Preview of 2018 Les Voiles de Saint Barth

Published on March 28th, 2018

Les Voiles de Saint-Barth is a mainstay of the Caribbean racing circuit. Indeed, the event has been selected by the IMA (International Maxi Association) to form part of its program, which comprises 10 of the world’s top races including Porto Cervo, the RORC Caribbean 600, the Copa del Rey as well as the Fastnet Race.

The ninth edition this year on April 8-14 features a highly international line-up – over 15 nationalities – the event boasts a wealth of Maxis and ultra high-tech boats, including the VOR 70 and the TP52. Saint Barth’s stunning beauty and exceptional sailing conditions make it the perfect spot for organizing races.

Equally, its natural islets and the shore-based entertainment ensure this is an absolute must for sailors around the world. Following Hurricane Irma’s passage through the islands back in September, Saint Barth is hoisting its sails once more, Maxi-style.

Maxi: Competing for the Richard Mille-Maxi Cup
2018 delivers a great turnout for the prestigious Maxi class in this 9th edition of Les Voiles de Saint Barth. 100 percent carbon racing steeds designed to break records or devour round-the-world courses, they are also luxury yachts geared for both cruising and racing. It goes without saying that the speeds of these monsters, helmed by professional crews with several dozen sailors on board, are always impressive, but thanks to the ratings and sailing conditions, the racing still delivers surprises.

There are many stars in this class who relish the return to Saint Barth each year. Among them is Rambler 88 whose American owner, George David, makes his seventh appearance with four victories to his credit. Joining him are Windfall, the reigning champion in the Maxi 2 category (and the biggest boat announced for this 2018 edition at 94 feet); La Bête, the former Rambler 90, which underwent extensive optimization over the winter of 2016-2017 with the notable installation of hydraulic winches; as well as the Marten 72 Aragon skippered by Arco Van Nieuwland, who has already tried out every step of the Les Voiles podium for size with the exception of the highest.

They’re all going to have their work cut out against the Maxi 72s Proteus and Sorcha and the VOR 70s, Ocean Breeze and Green Dragon. Don’t discount the newcomers to the scene, like the Brazilian 65 feet Camiranga, which recently performed well at the Heineken Regatta; the CNB 66 Althane, the latest release from CNB yacht builders launched in June 2017; or Simple Harmony, Cliff Asbel’s Swan 68, which remains competitive after a substantial refit.
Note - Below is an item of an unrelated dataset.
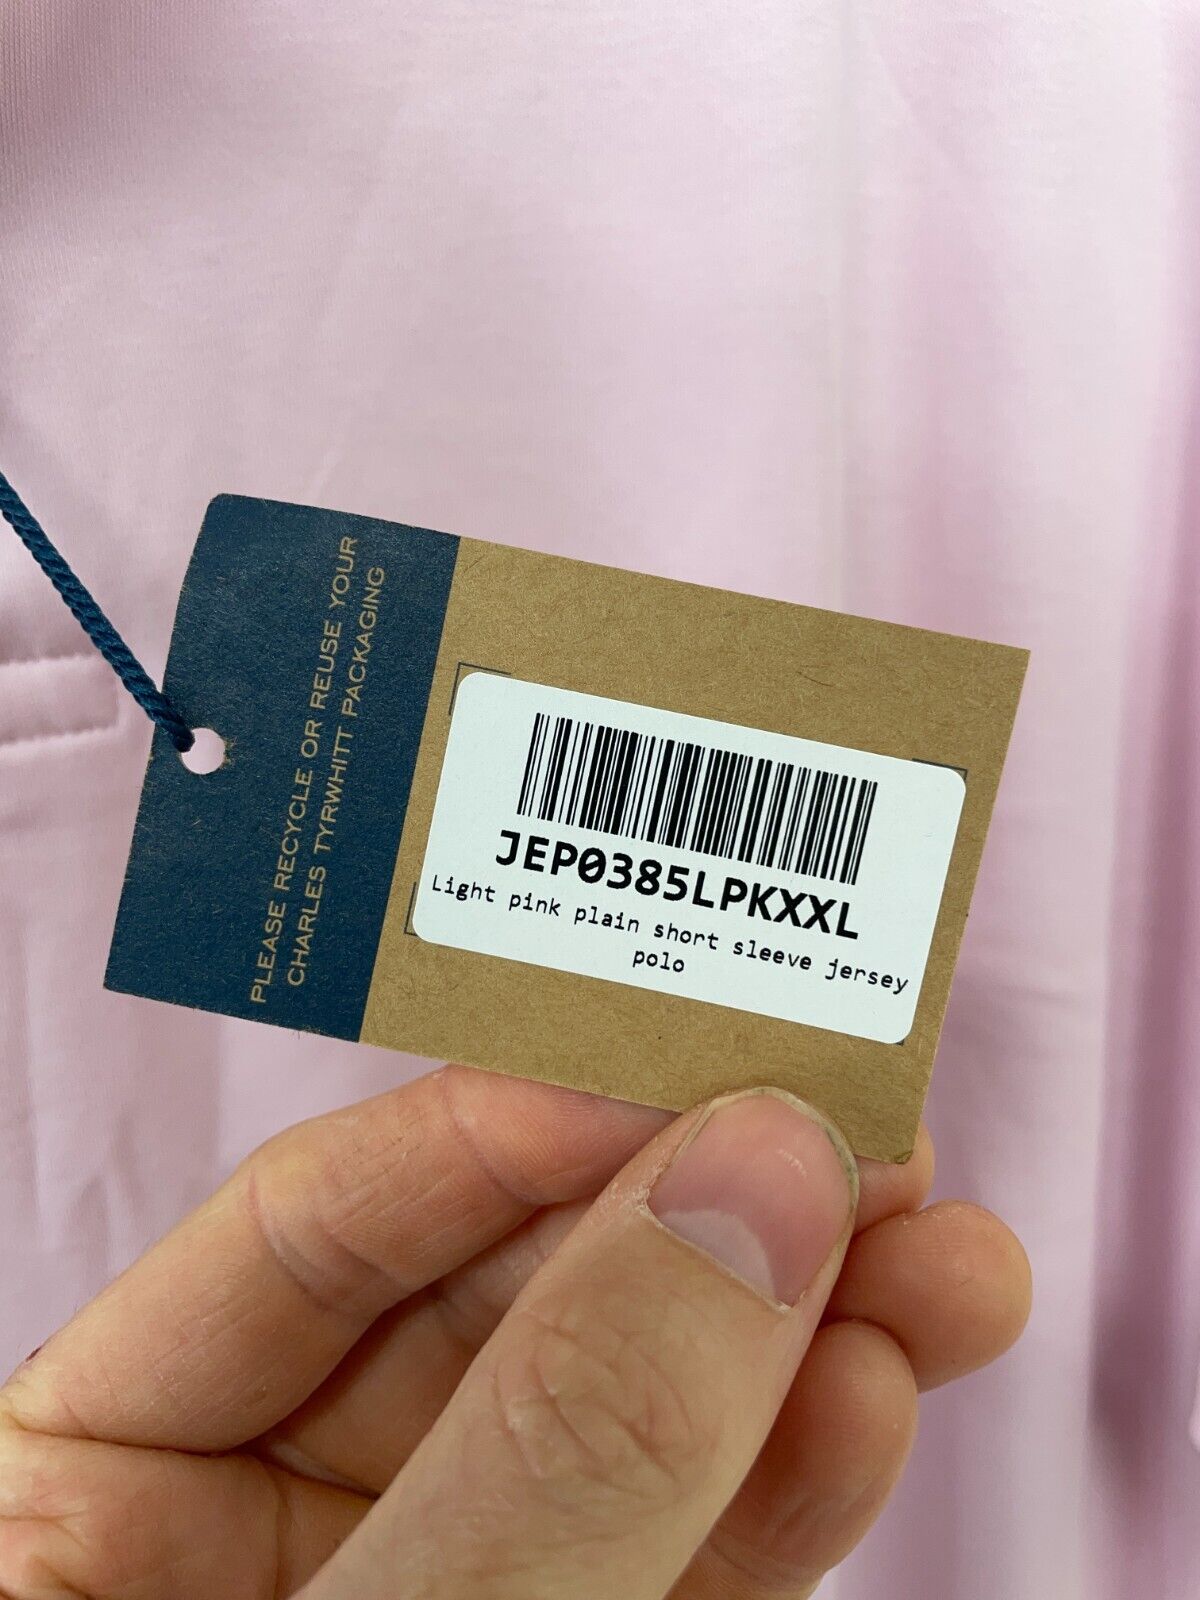 Charles Tyrwhitt Mens XXL Smart Jersey Polo Shirt Golf Light Pink Short Sleeve

The 2018 Maxi Class winner has an extra incentive. Besides the watch traditionally up for grabs in the class, this year’s winning crew will have the honor of being the first to brandish the Richard Mille-Maxi Cup.

Multihulls: a Record Year for the Fleet
From catamarans to trimarans, 30- or 66-footers, vintage boats or latest generation, there will be something for everyone among the multihulls signed up for Les Voiles de Saint Barth. One thing for sure is that multihull owners are making no secret of their enthusiasm for the event.
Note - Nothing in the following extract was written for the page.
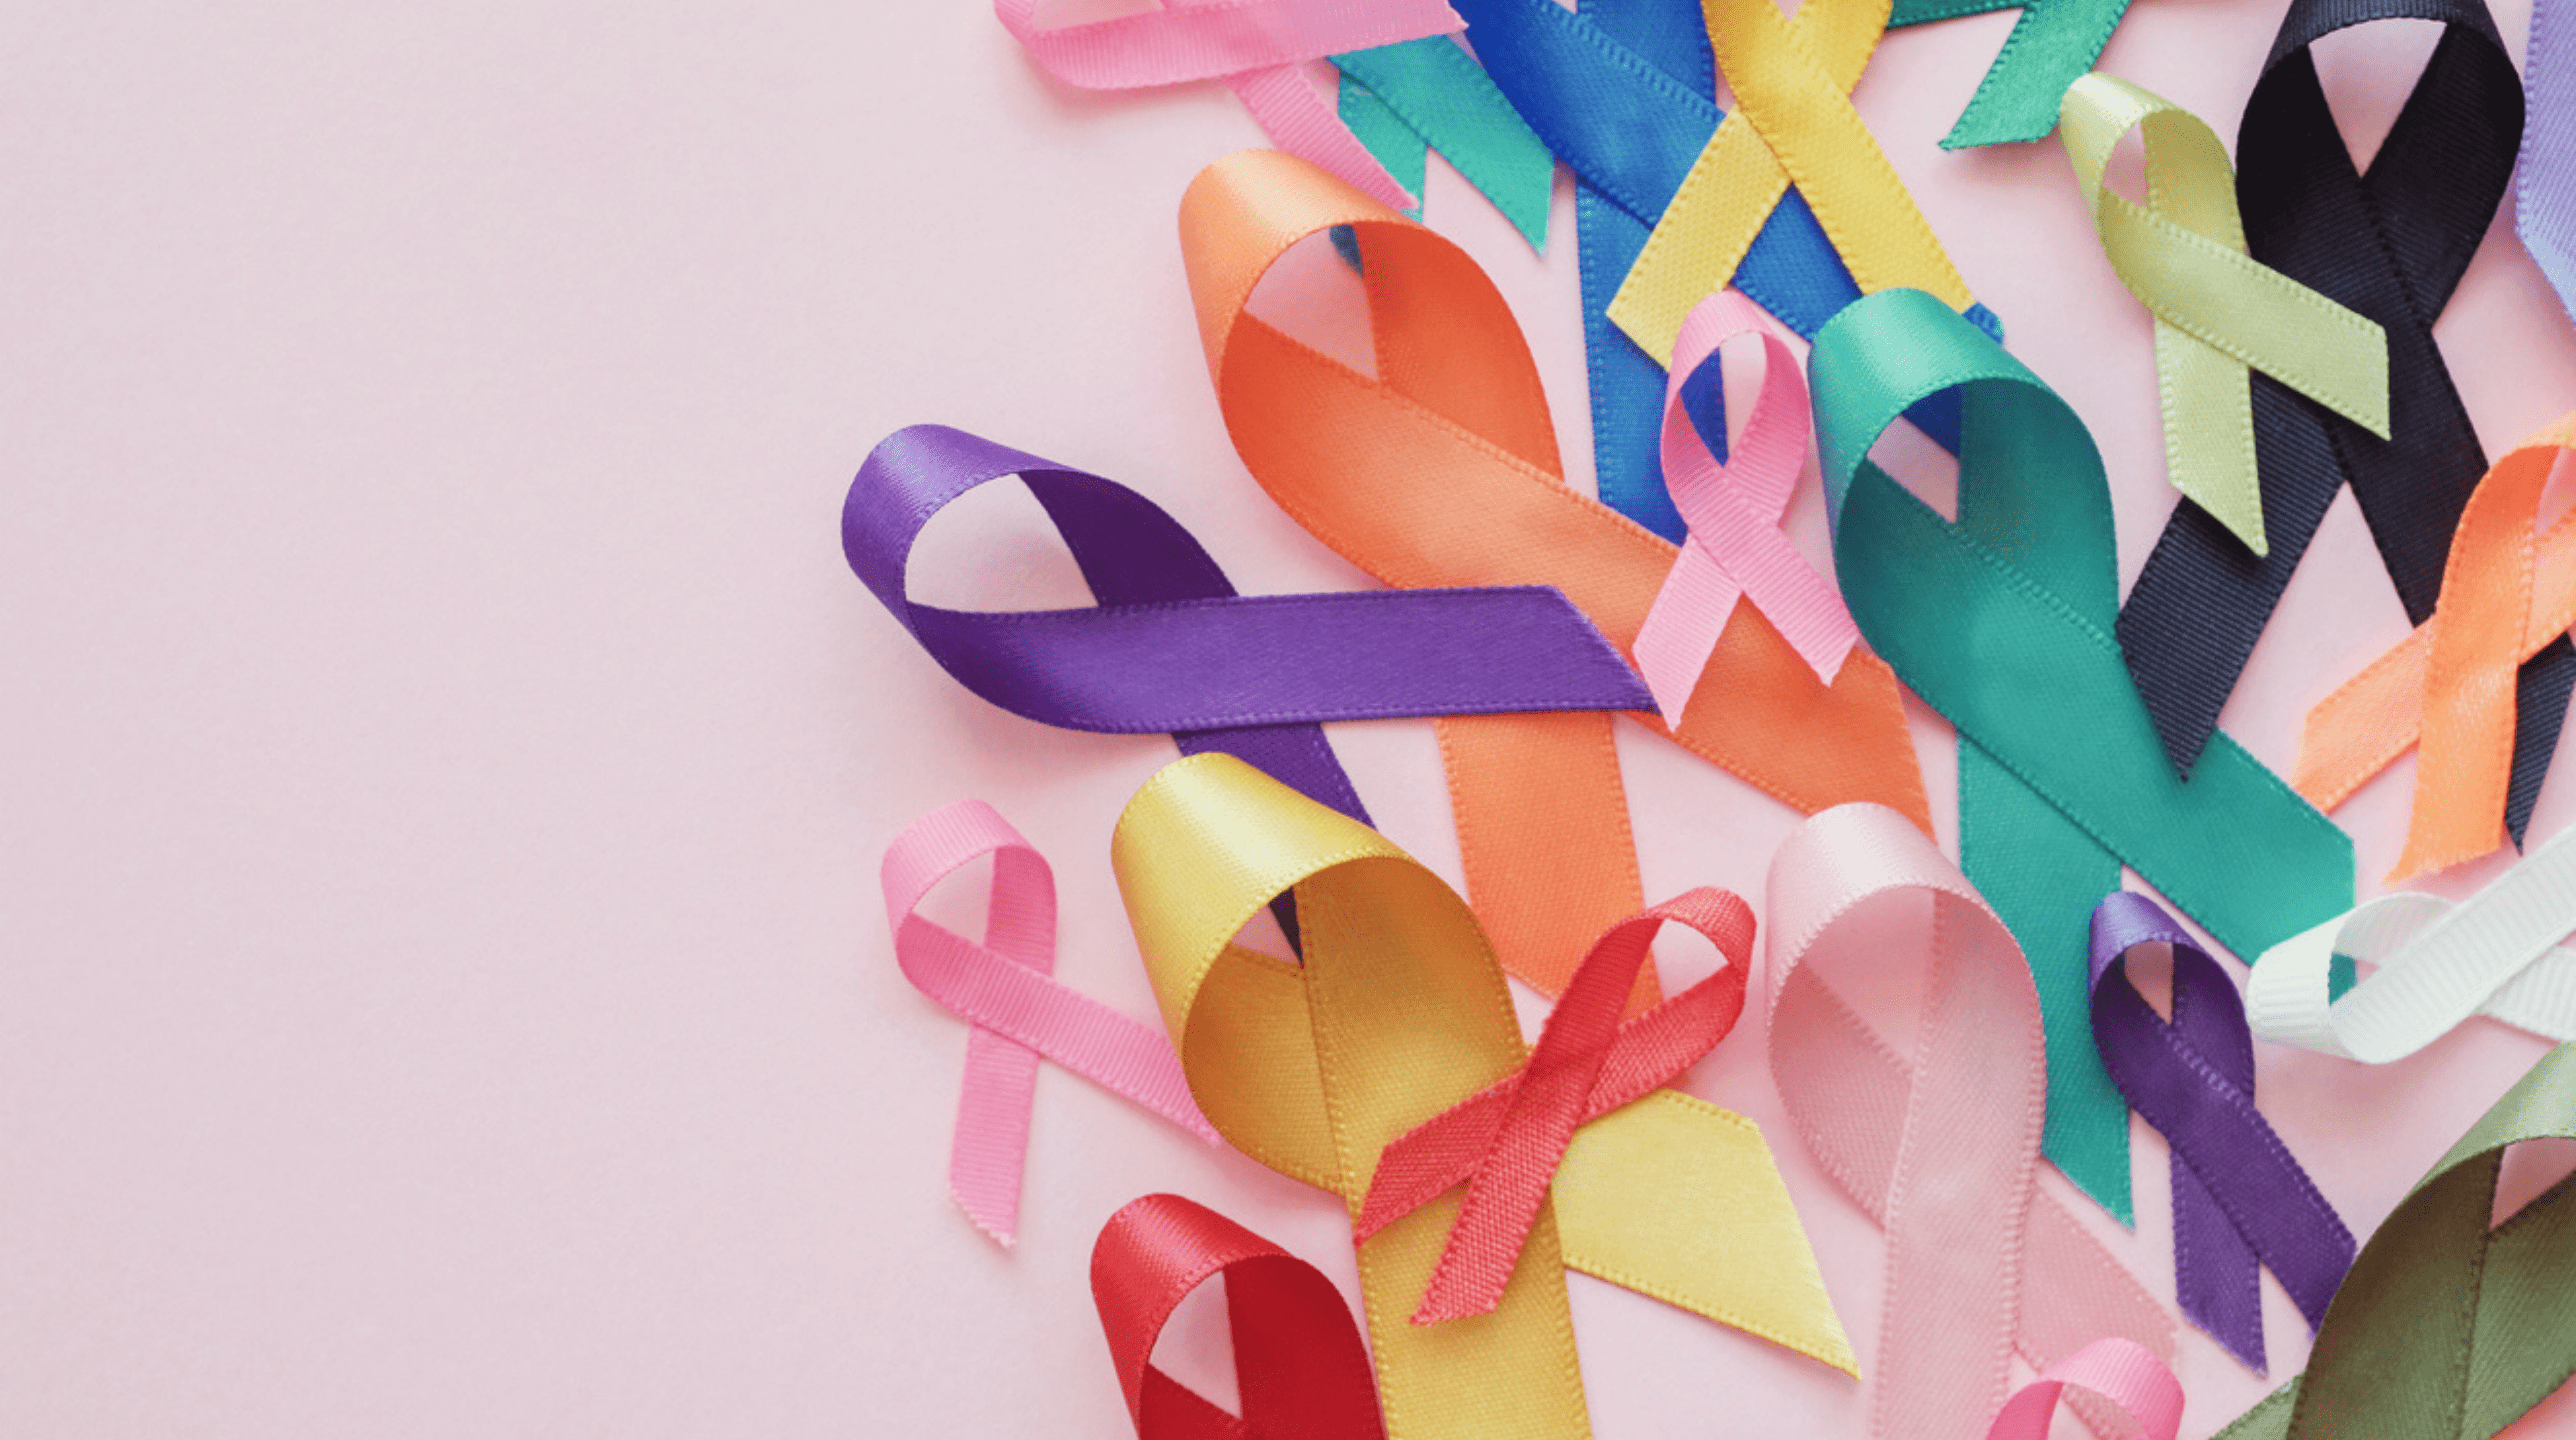 اليوم العالمي للسّرطان: معركة طويلة محفوفة بالأمل وخطوات صغيرة واثقة

“We’ve never received so many registration requests in this class. The 2018 edition is clearly shaping up to be a record year in terms of entry numbers for boats with two or three hulls,” revels Luc Poupon, race director. He’s opted to split the fleet in two, with one part competing in the OMA and the other the International Multihull Rating Rule.

The Gunboats will also be out in force, so expect some fierce competition between the likes of Thirst, Flow and Phaedo, the 66-footer owned by American Lloyd Thornburg, who won the event in 2015 on an earlier boat.

Spinnaker: Titles and Challenges
There promises to be some stiff competition in this very popular category at the 9th edition of Les Voiles. There are those who have already won Les Voiles and are hungry for more such as Lazy Dog, the Melges 32 owned by the Puerto Rican Sergio Sagramoso; Crédit Mutuel and the Sun Fast 3200 helmed by Marc Emig and skippered by Hervé Hejoaka. Hejoaka has already won the podium three times across different classes.

However, the die is far from cast as a series of newcomers join the Spinnaker class this year, starting with Albator, the newest boat of the fleet at Les Voiles de Saint Barth. Launched back in September in Saint Tropez, this Bernard Nivelt and Alexis Muratet design is a MkII of the NMD 43 Teasing Machine, which cheekily revealed some of her remarkable potential at the RORC Caribbean 600 in February, earning the win in IRC1.

Another ‘rookie’ of Les Voiles worth keeping a close eye on is Gordon’s, the Swiss-flagged Baltic 50 skippered by Koening Juerg, which has held great sway in the Mediterranean events like the Giraglia and the Rolex Middle Sea Race. The same is true for Jeremi Jablonski’s Avanti, a frequent podium finisher in the British Virgin Islands.

In the Melges 24s, another fine battle is in prospect. Team Island Water World, the reigning champion, is back this year to defend her title. This crew is at the top of their game and knows the waters of Les Voiles de Saint Barth like the back of their hand. And for good reason. Not only is the boat a neighbor, she has already competed in the event five times.

Bruno Magras: “The island is back on track”
Six months after Hurricane Irma, reconstruction is continuing at full pace, and the island of Saint Barth has rebounded well. We get the low-down from Bruno Magras, President of the Regional Council.

How’s Saint Barth’s doing today?
“The island of Saint Barth’s is back on track, but we still have a few challenges to overcome. The first is a lack of hotel space. Some establishments have already opened their doors again and a vast number of villas are available, but there is still work to be done as numerous hotels are still being rebuilt. The second relates to Princess Juliana International airport on Saint Martin. The airport is up and running, but at a limited capacity. Fortunately, various options are possible via Guadeloupe and Puerto Rico.”

Can the return of the tourist business be felt on the island?
“Things are going well, much better than we’d initially forecasted. The infrastructure is operational. We notably hosted a lot of people on the island, as well as numerous boats in the port of Gustavia on New Year’s Day and, more recently, during the St Barth’s Bucket Regatta. The situation is far from hopeless.”

Is an event like Les Voiles de Saint Barth important within this context?
“There is no question that Les Voiles is contributing to the revitalization and boosting of the economy. It will help us get through a tough period. The event motivates us and I’d like to thank the organizers for choosing to stick with it. Having an activity of this type will certainly come as real comfort to the local population.”